### Work instruction:
In the records that follow, find the line containing "В Москве 28" and the line containing "Raquel Allegra \N", then transcribe both and every line between them exactly, omitting pictures.

### Extracted records:
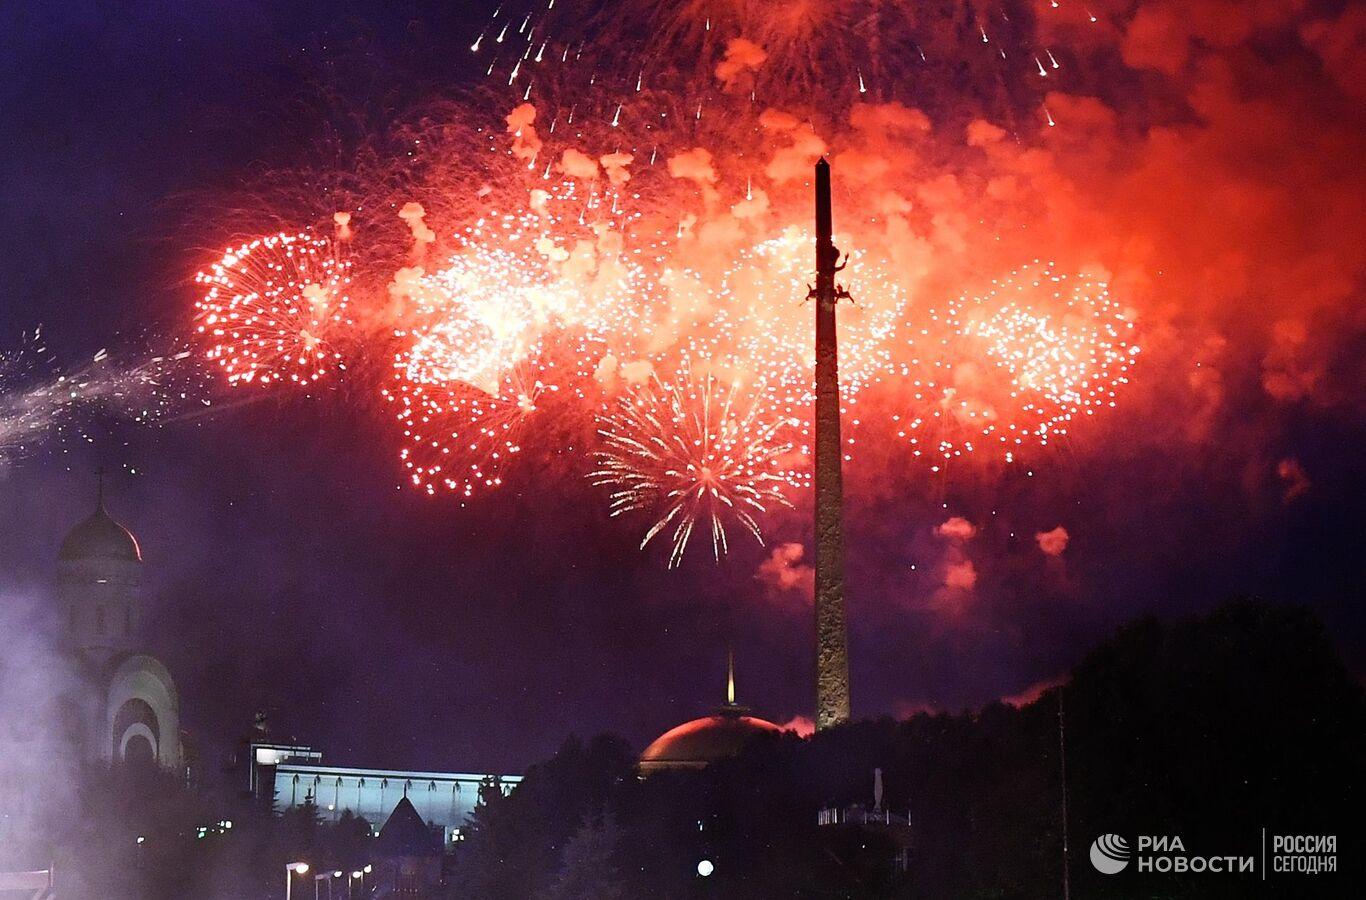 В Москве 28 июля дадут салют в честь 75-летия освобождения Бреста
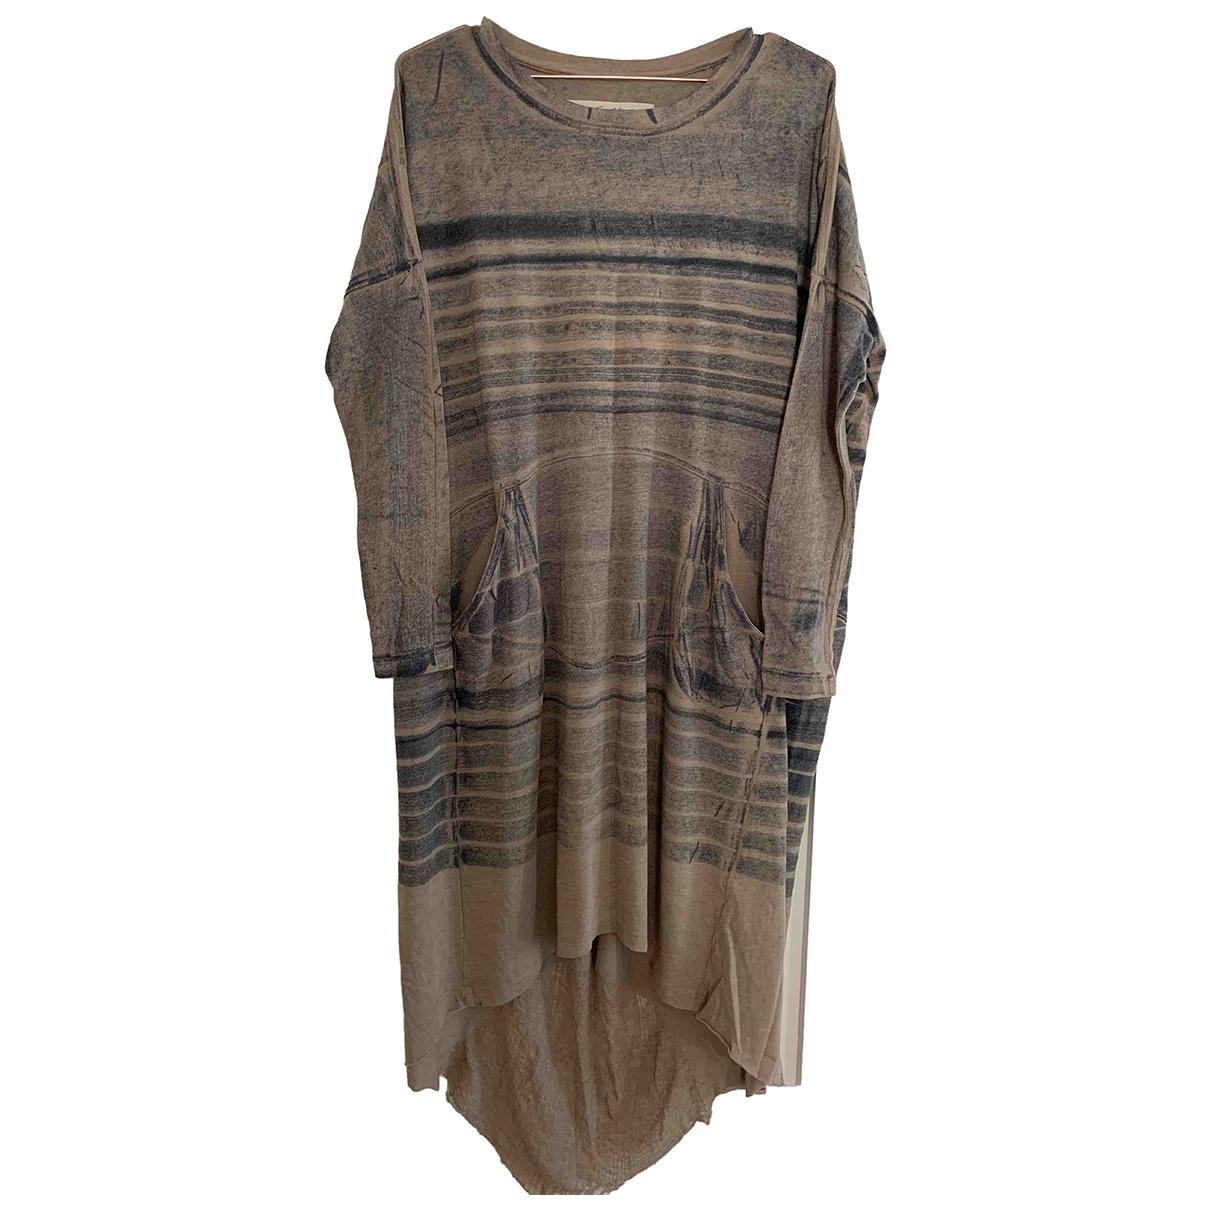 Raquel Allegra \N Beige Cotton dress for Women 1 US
--
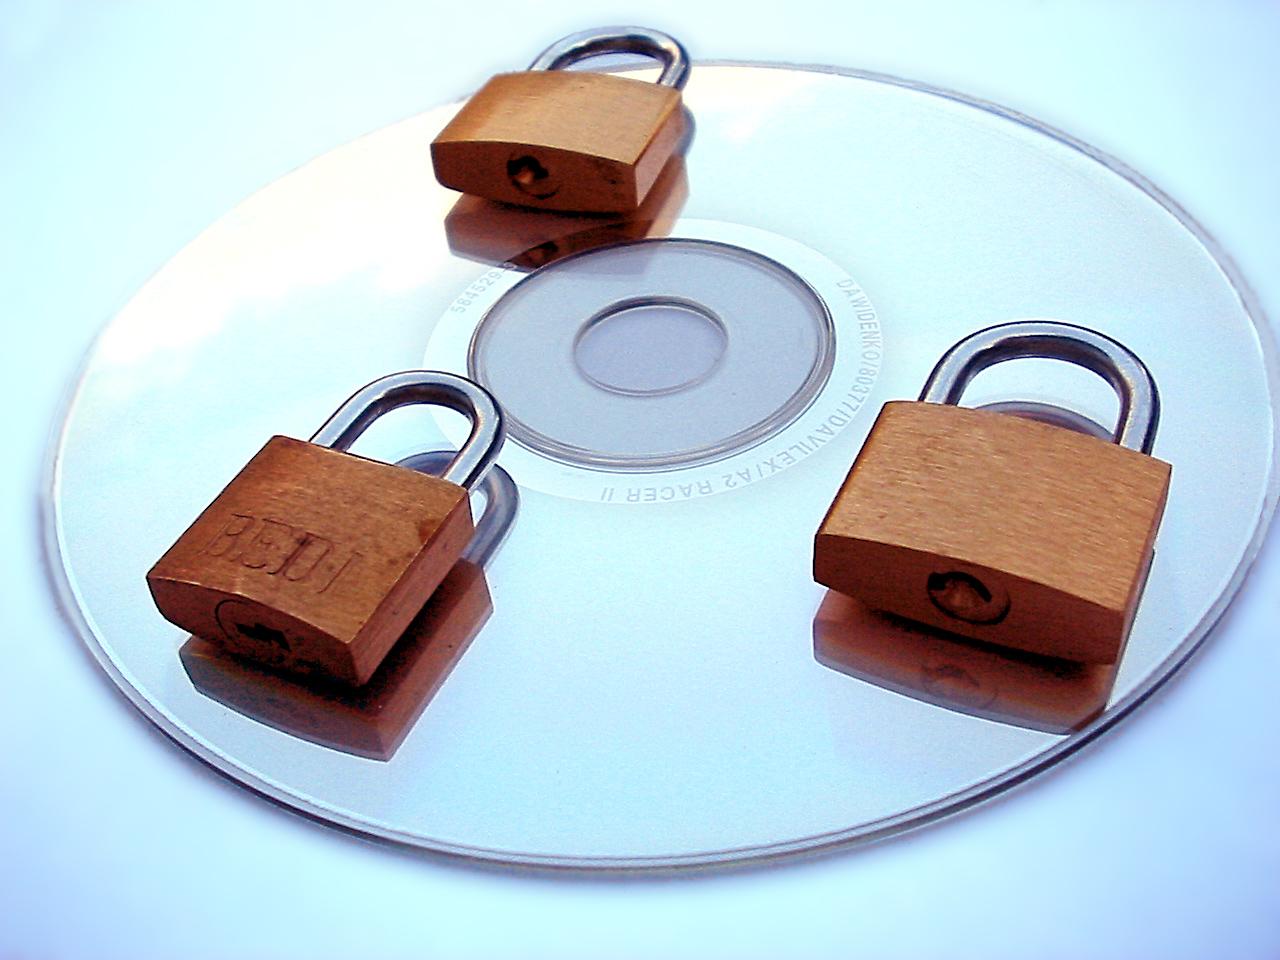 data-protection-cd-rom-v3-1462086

### Answer box:
 В Москве 28 июля дадут салют в честь 75-летия освобождения Бреста
 Raquel Allegra \N Beige Cotton dress for Women 1 US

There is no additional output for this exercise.